About this exercise:
From the very first line down to the line containing "Negozio in vendita, Napoli centro storico", write out the material exactly as it appears, and no more.

----------------------------------------

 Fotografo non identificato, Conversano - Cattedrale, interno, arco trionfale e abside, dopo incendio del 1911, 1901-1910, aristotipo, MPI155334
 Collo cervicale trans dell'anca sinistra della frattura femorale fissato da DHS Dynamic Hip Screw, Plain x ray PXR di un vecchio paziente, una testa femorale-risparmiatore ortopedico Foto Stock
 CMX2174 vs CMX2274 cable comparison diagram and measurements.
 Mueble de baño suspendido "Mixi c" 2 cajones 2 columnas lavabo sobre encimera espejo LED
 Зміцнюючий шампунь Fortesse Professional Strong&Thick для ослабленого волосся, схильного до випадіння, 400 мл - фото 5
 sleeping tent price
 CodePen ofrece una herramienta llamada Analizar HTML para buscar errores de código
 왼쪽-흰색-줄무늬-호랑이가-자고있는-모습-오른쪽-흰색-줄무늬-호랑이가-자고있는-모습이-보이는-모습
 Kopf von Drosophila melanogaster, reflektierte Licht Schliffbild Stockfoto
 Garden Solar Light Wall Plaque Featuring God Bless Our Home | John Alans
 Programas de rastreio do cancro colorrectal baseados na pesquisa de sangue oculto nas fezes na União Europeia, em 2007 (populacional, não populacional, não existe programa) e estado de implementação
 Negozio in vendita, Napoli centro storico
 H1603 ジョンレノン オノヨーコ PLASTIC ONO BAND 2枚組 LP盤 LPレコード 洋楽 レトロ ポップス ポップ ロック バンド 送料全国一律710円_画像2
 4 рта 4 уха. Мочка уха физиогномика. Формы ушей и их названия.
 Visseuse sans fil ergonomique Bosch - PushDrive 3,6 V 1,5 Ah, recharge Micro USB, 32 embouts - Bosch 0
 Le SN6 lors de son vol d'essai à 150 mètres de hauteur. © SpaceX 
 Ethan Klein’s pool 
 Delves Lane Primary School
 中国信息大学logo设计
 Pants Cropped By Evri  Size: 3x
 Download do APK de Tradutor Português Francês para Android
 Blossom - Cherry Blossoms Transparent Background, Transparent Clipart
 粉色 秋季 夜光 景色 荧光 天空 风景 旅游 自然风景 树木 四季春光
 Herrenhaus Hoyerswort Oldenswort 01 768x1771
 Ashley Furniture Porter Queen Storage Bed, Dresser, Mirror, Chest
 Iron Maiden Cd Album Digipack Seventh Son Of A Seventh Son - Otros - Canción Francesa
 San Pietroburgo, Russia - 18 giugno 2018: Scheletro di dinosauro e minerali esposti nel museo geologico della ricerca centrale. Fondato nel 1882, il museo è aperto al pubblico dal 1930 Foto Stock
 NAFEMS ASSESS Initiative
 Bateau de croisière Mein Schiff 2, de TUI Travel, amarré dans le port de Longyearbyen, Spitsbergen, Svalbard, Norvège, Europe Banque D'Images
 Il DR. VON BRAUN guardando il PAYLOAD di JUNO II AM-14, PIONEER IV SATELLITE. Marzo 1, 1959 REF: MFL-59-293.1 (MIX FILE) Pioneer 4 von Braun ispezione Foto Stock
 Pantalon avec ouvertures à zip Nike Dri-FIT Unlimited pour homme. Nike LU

----------------------------------------

Output for this task:
 Fotografo non identificato, Conversano - Cattedrale, interno, arco trionfale e abside, dopo incendio del 1911, 1901-1910, aristotipo, MPI155334
 Collo cervicale trans dell'anca sinistra della frattura femorale fissato da DHS Dynamic Hip Screw, Plain x ray PXR di un vecchio paziente, una testa femorale-risparmiatore ortopedico Foto Stock
 CMX2174 vs CMX2274 cable comparison diagram and measurements.
 Mueble de baño suspendido "Mixi c" 2 cajones 2 columnas lavabo sobre encimera espejo LED
 Зміцнюючий шампунь Fortesse Professional Strong&Thick для ослабленого волосся, схильного до випадіння, 400 мл - фото 5
 sleeping tent price
 CodePen ofrece una herramienta llamada Analizar HTML para buscar errores de código
 왼쪽-흰색-줄무늬-호랑이가-자고있는-모습-오른쪽-흰색-줄무늬-호랑이가-자고있는-모습이-보이는-모습
 Kopf von Drosophila melanogaster, reflektierte Licht Schliffbild Stockfoto
 Garden Solar Light Wall Plaque Featuring God Bless Our Home | John Alans
 Programas de rastreio do cancro colorrectal baseados na pesquisa de sangue oculto nas fezes na União Europeia, em 2007 (populacional, não populacional, não existe programa) e estado de implementação
 Negozio in vendita, Napoli centro storico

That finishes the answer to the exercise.